THE editor of The Daily Chat wondered a little vaguely why he had come down to the office at all. Here was the thermometer down to 11° with every prospect of touching zero before daybreak, and you can't fill a morning paper with weather reports. Besides, nothing was coming in from the North of the Trent beyond the curt information that all telegraphic and telephonic communication beyond was impossible. There was a huge blizzard, a heavy fall of snow nipped hard by the terrific frost and—silence.

To-morrow—January 25th—would see a pretty poor paper unless America roused up to a sense of her responsibility and sent something hot to go on with. The Land's End cables often obliged in that way. There was the next chapter of the Beef and Bread Trust, for instance. Was Silas X. Brett going to prove successful in his attempt to corner the world's supply? That Brett had been a pawnbroker's assistant a year ago mattered little. That he might at any time emerge a penniless adventurer mattered less. From a press point of view he was good for three columns.

The chief "sub" came in, blowing his fingers. The remark that he was frozen to the marrow caused no particular sympathy.

"Going to be a funeral rag to-morrow," the editor said curtly.

"That's so," Gough admitted cheerfully. "We've drawn a thrilling picture of the Thames impassable to craft—and well it might be after a week of this Arctic weather. For days not a carcase or a sack of flour has been brought in. Under the circumstances we were justified in prophesying a bread and meat famine. And we've had our customary gibe at Silas X. Brett. But still, it's poor stuff."

The editor thought he would go home. Still he dallied, on the off chance of something turning up. It was a little after midnight when he began to catch the suggestion of excitement that seemed to be simmering in the sub-editor's room. There was a clatter of footsteps outside. By magic the place began to hum like a hive.

"What have you struck, Gough?" the editor cried.

Gough came tumbling in, a sheaf of flimsies in his hand.

"Brett's burst," he gasped. "It's a real godsend, Mr. Fisher. I've got enough here to make three columns. Brett's committed suicide."

Fisher slipped out of his overcoat. Everything comes to the man who waits. He ran his trained eyes over the flimsies; he could see his way to a pretty elaboration.

"The danger of the corner is over," he said, later, "but the fact remains that we are still short of supplies; there are few provision ships on the seas, and if they were close at hand they couldn't get into port with all this ice about. Don't say that London is on the verge of a famine, but you can hint it."

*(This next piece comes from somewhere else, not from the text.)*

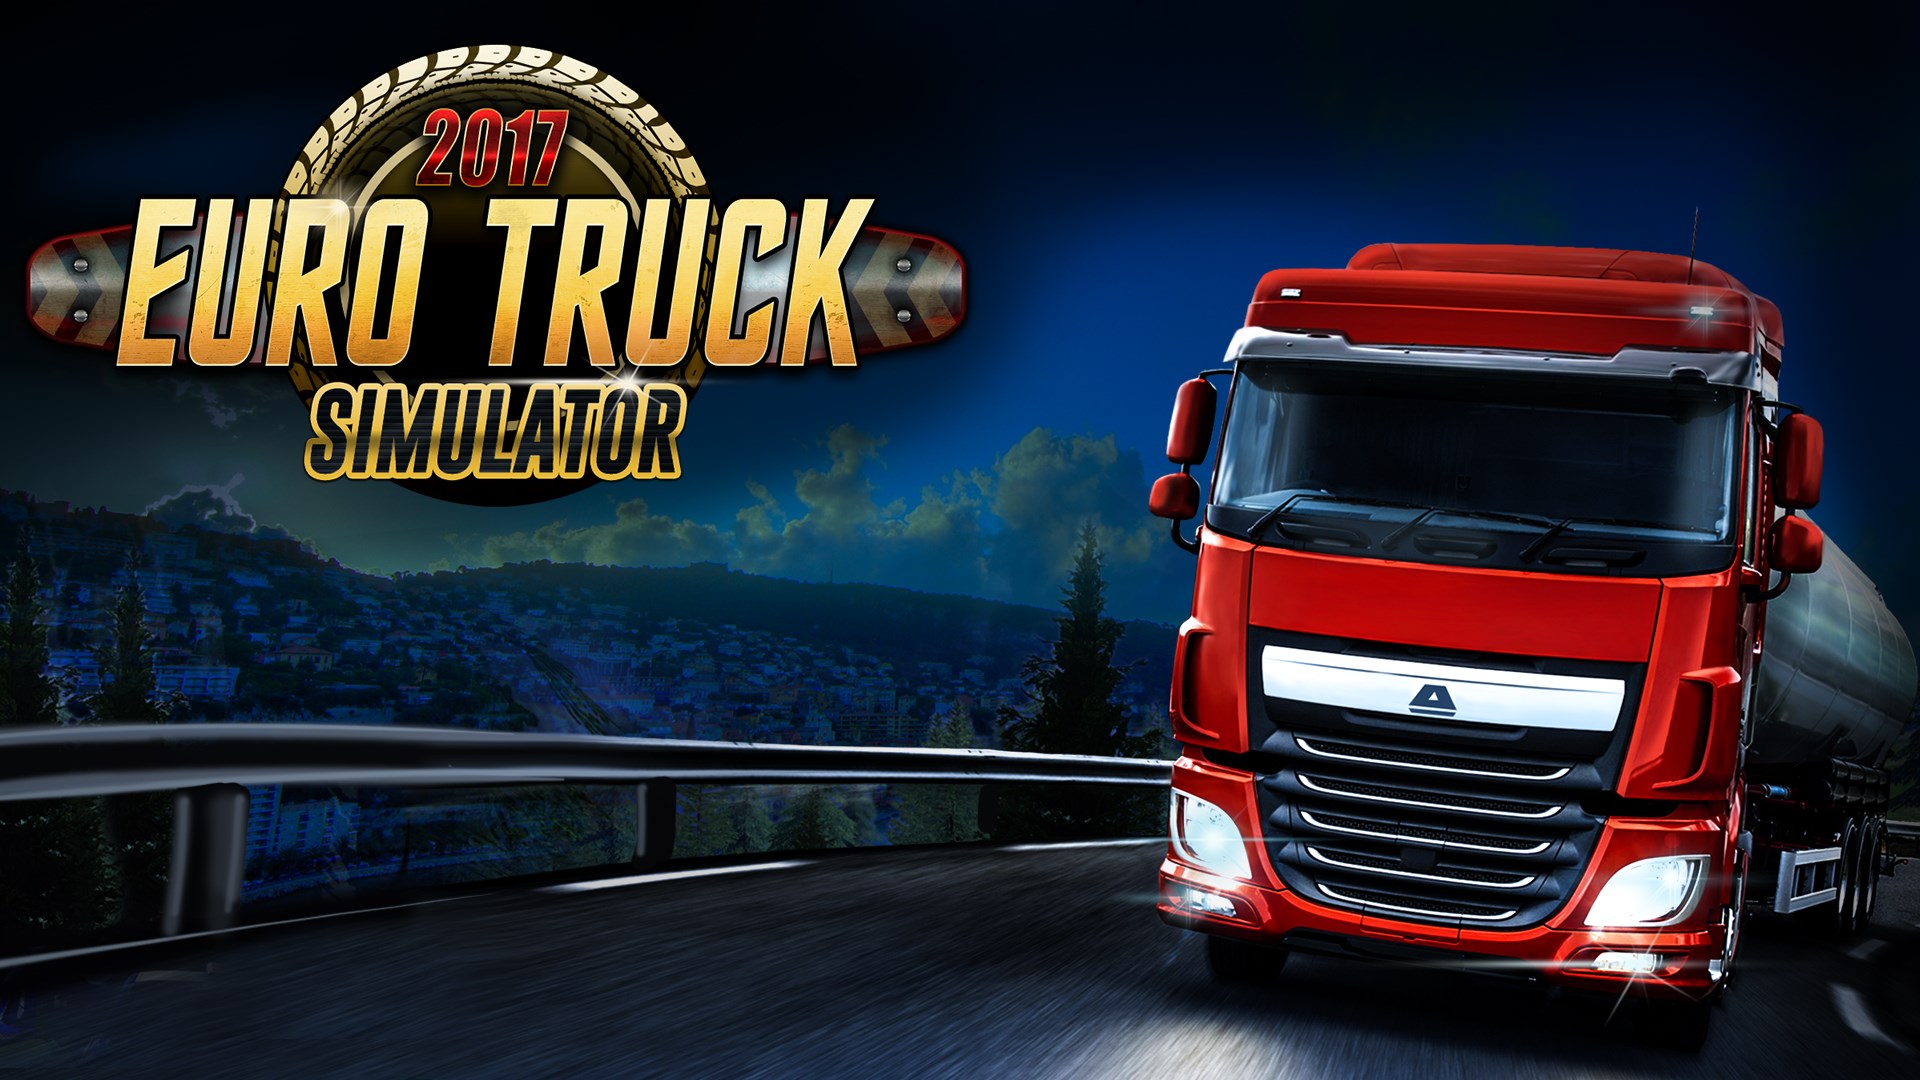 Comprar Euro Truck Simulator 2017 Pro - Microsoft Store pt-BR

Gough winked slightly and withdrew. An hour later and the presses were kicking and coughing away in earnest. There was a flaming contents bill, so that Fisher went off drowsily through the driving snow Bedford Square way with a feeling that there was not much the matter with the world after all.

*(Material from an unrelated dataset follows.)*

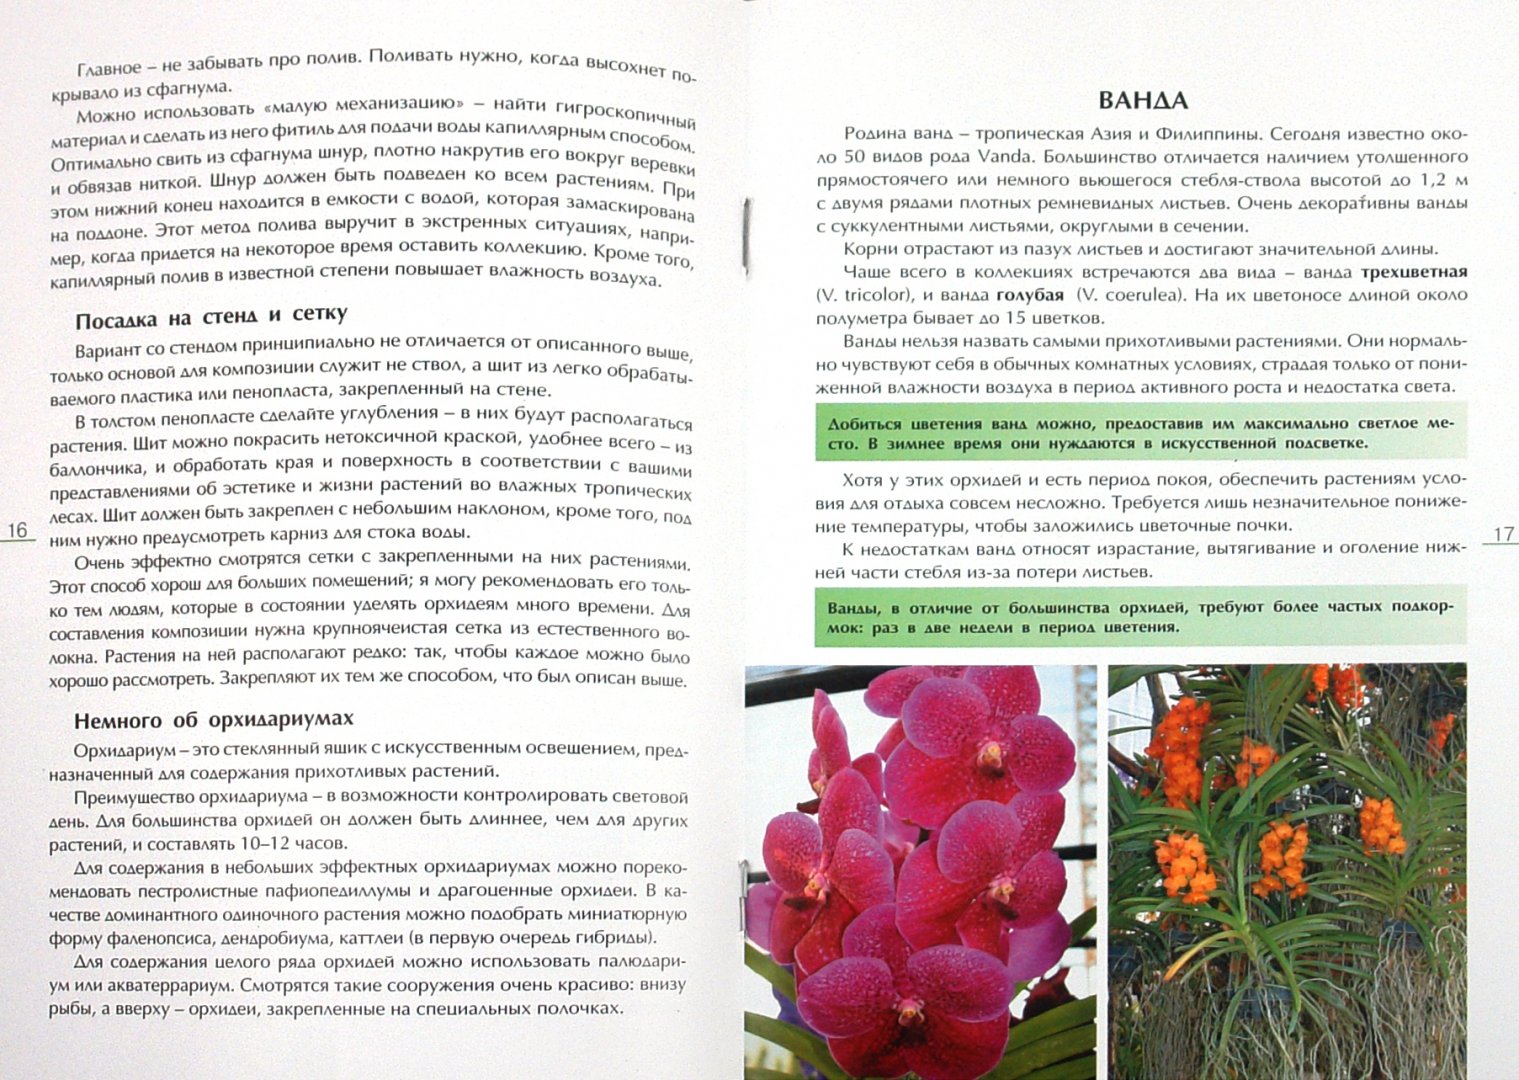 Иллюстрация 1 из 8 для Секреты ухода за орхидеями - Александр Зайцев | Лабиринт - книги. Источник: Лабиринт
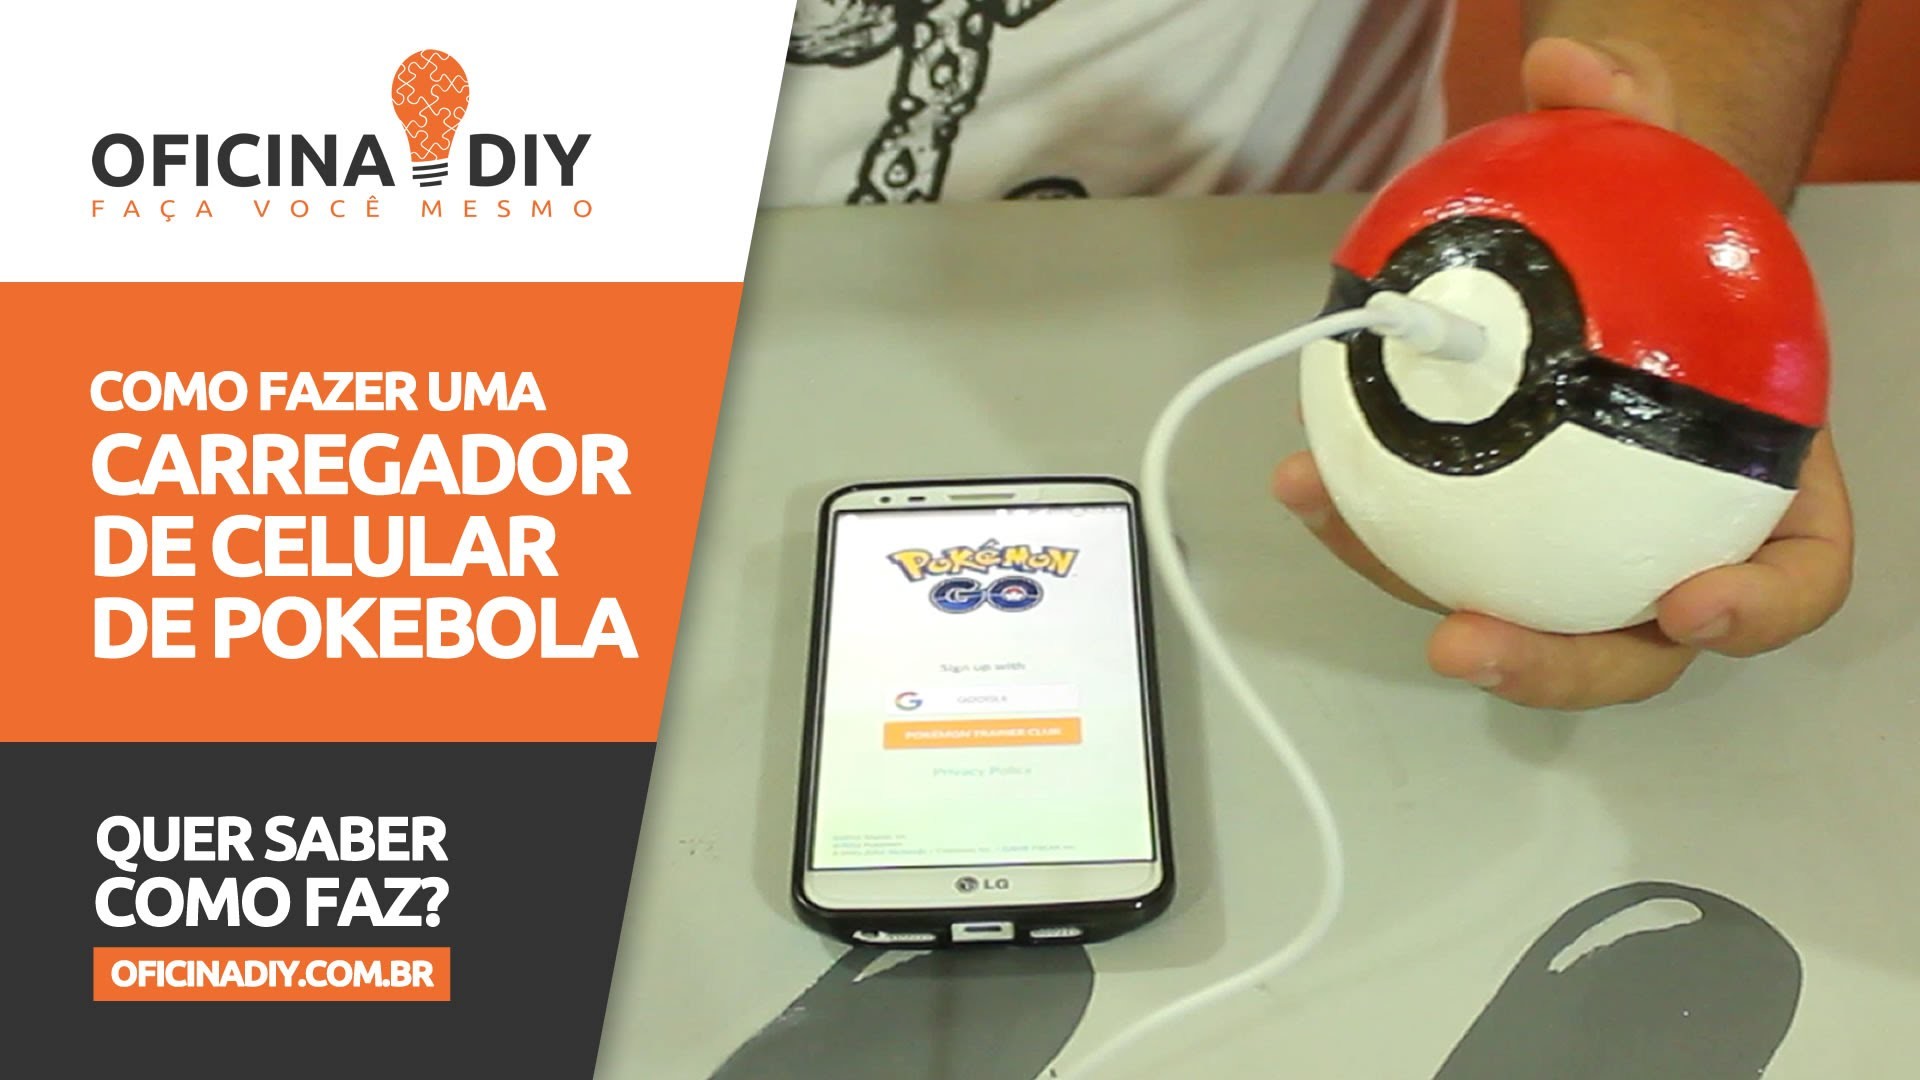 Carregador de Celular de Pokébola - Pokémon Go | Oficina DIY #40

It was piercingly cold, the wind had come up from the east, the steely blue sky of the last few days had gone.

Fisher doubled before the wind that seemed to grip his very soul. On reaching home he shuddered as he hung over the stove in the hall.

"My word," he muttered as he glanced at the barometer. "Down half-an-inch since dinner time. And a depression on top that you could lie in. Don't ever recollect London under the lash of a real blizzard, but it's come now."

A blast of wind, as he spoke, shook the house like some unreasoning fury.